In Gujarat, the Congress's electoral brahmastra was KHAM (Kshatriya, Harijan, Adivasi and Muslim). Major non-Muslim components of KHAM have migrated to the Bharatiya Janata Party under the compulsions created by the serial communal riots since 1985. The Congress has failed to reclaim them as its aggressive wooing of Muslims has put off the other three communities

In this communal polarisation, Modi has built a halo of Hindu taranhar (saviour) around himself, further consolidated by highly focused publicity campaigns like Vikas Purush, a leader with a difference.

This special chemistry with the people has allowed him to get away with riding rough-shod over BJP workers, fellow leaders and other wings of the Sangh Parivar. The Kisan Sangh's hostility cannot lose him farming community votes because farmers have prospered under Modi Raj. The Bajrang Dal and Vishwa Hindu Parishad cannot challenge him because he is perceived as Bajrang Dal Plus. Other Sangh Parivar constituents need him for survival, but the reverse is not true.

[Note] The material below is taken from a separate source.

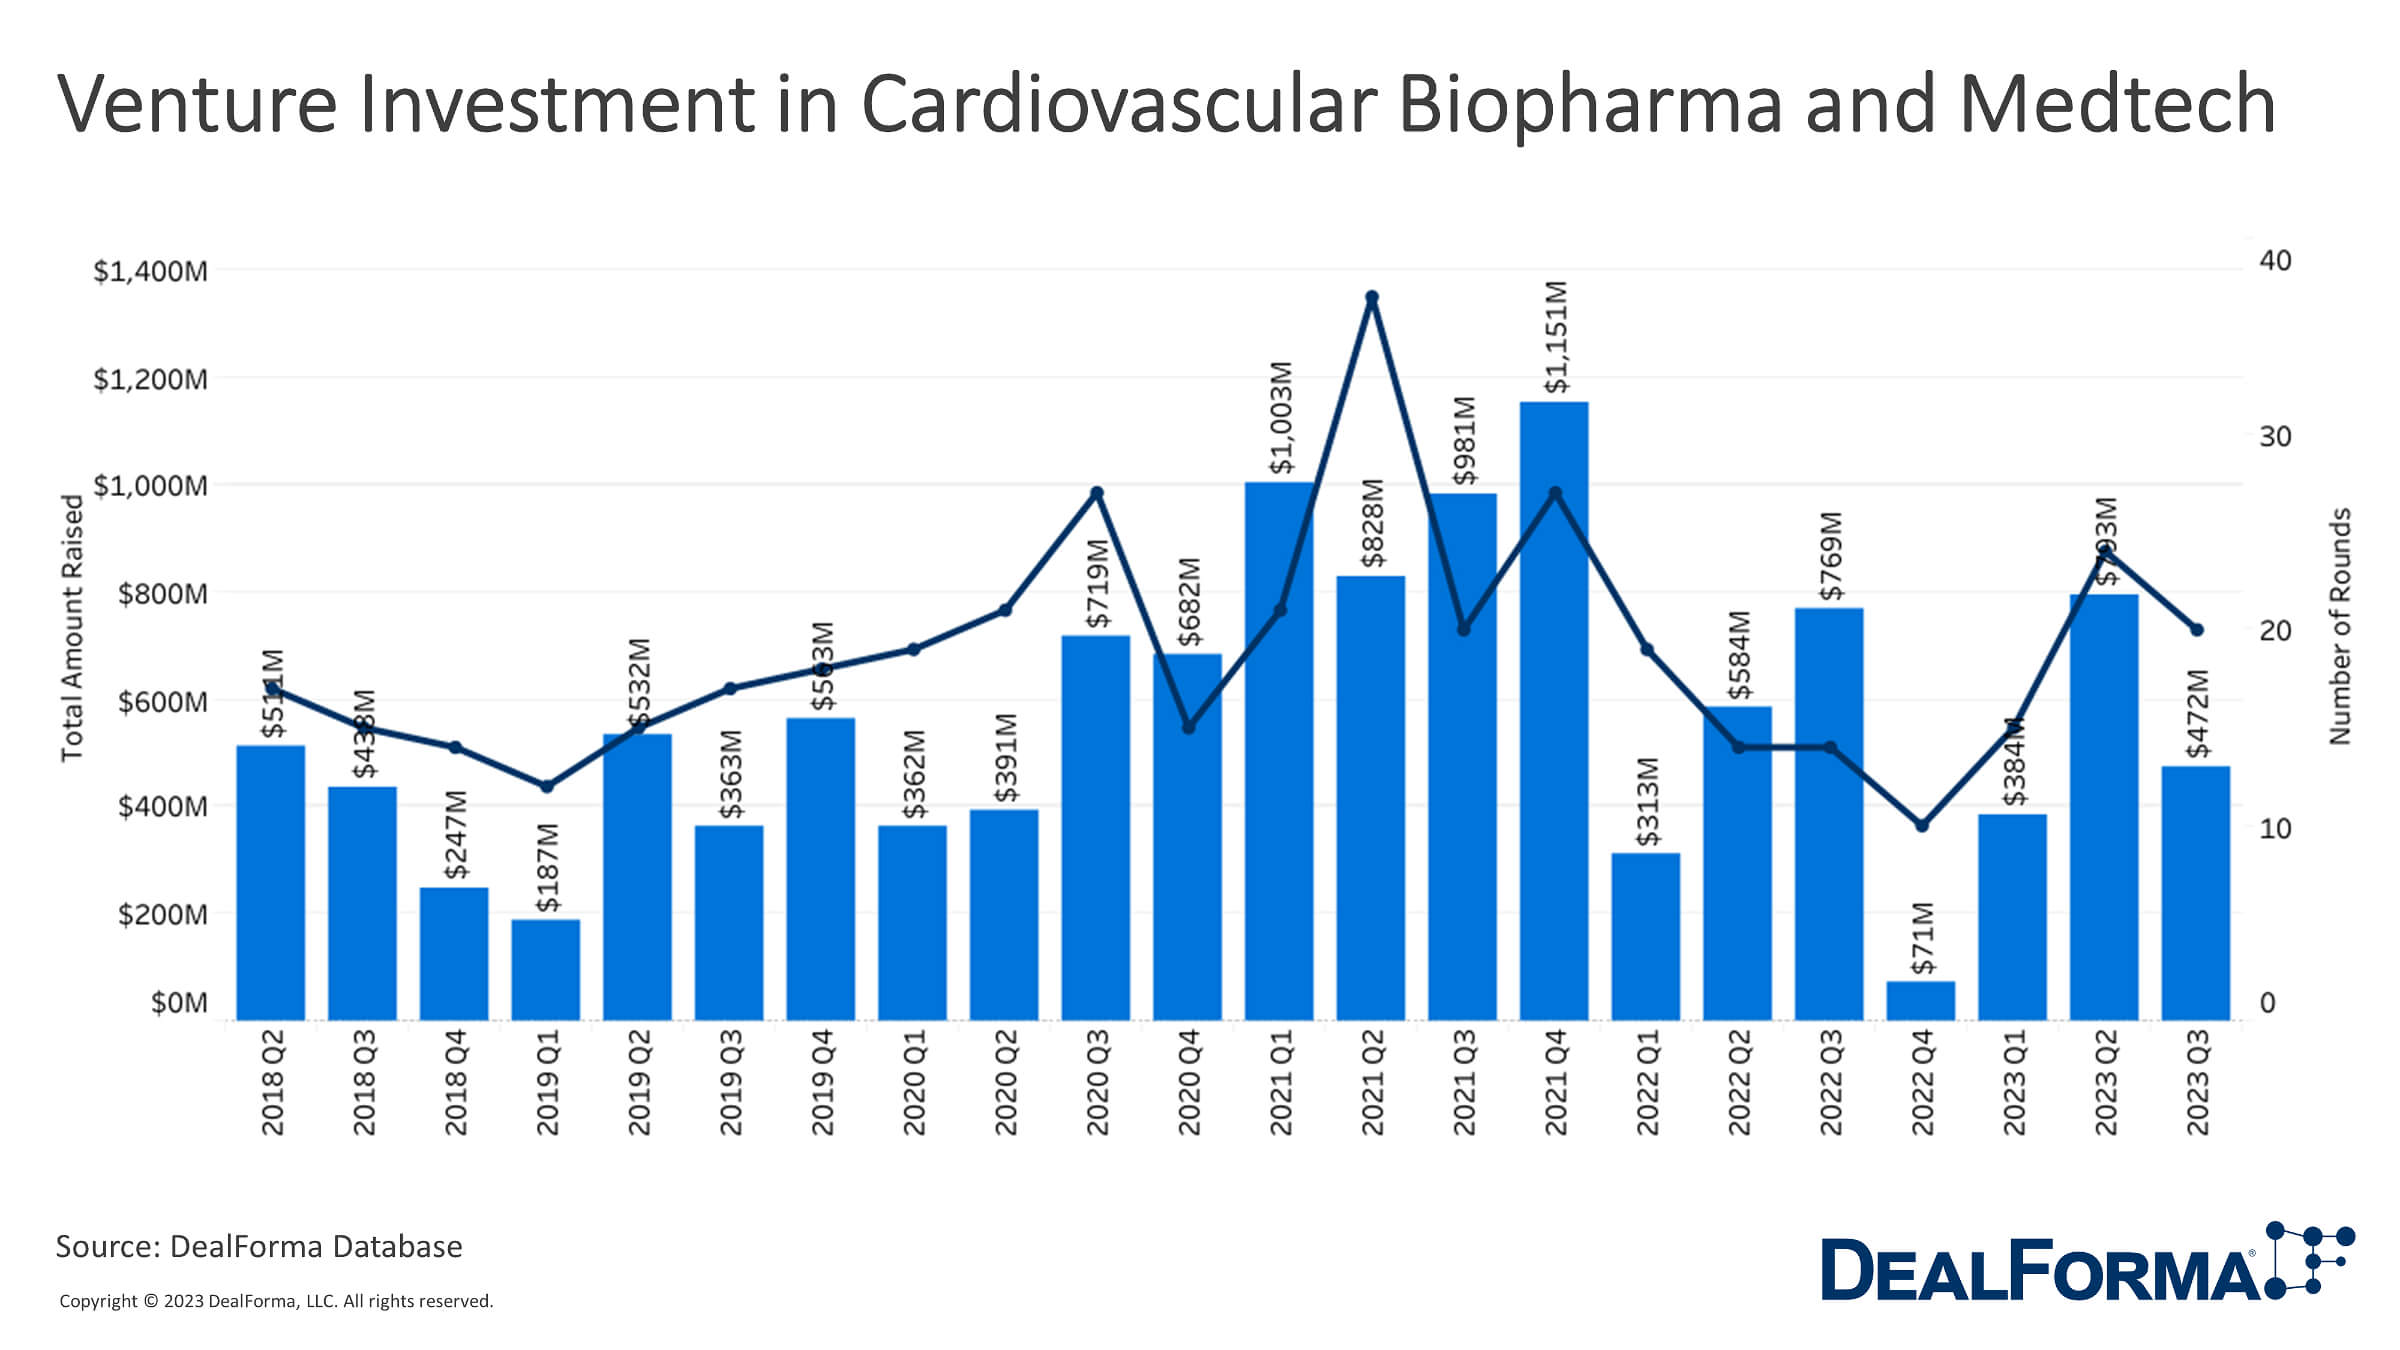 Venture Investment in Cardiovascular Biopharma and Medtech

This special bond with the public helped him overcome the boycott resorted to by BJP workers during the last panchayat, municipality and municipal corporation elections. The refrain was, who will get the public to the voting booth if the party workers are not around? The voters came on their own initiative, and voted for the BJP. Through sheer charisma Modi single-handedly scored landslide victories in all three elections.

Modi's direct-dial relationship with his voters will hold good in the assembly election, bypassing the need to depend on the party to deliver the votes. If landslides could be scored in elections where he was indirectly involved, there has to be a bigger response where his leadership is directly on offer.

No one understands the hyper-Muslim phobia of Gujarat voters than Modi, who with his Sohrabuddin comment has launched a well-crafted strategy to create a situation where voters will turn up at the voting booths on their own to reveal which side they are on. Modi knows it will be on his side. If there is penal action by the Election Commission or if a criminal case is registered against Modi, the backlash will be even bigger.

The Patel-Thakur castes' alienation is more media hype than ground reality. Modi's appeal to Hindus cuts across caste lines. Though Modi is an OBC, high caste darbar kshatriyas regard him as their leader.

Yet, there are some voters who will be overwhelmingly against Modi. They are government servants and school teachers; Muslims; BJP workers who feel Modi has totally neglected them in power-sharing.

The government servants have borne the brunt of Modi's high-geared publicity campaigns while the teachers were punished for habitual absenteeism and poor examination results of their students. Used to lax ways for years, they really detest Modi.

Muslims, for obvious reasons, do not want him as they view him as the ultimate shaitan (devil).

BJP workers realised they were no longer treated as members of the ruling party. They could not peddle influence nor were they appointed as directors in public corporations. Modi was quite happy to use bureaucrats instead. Ordinary voters who far outnumber these Modi-haters will overwhelmingly favour Modi.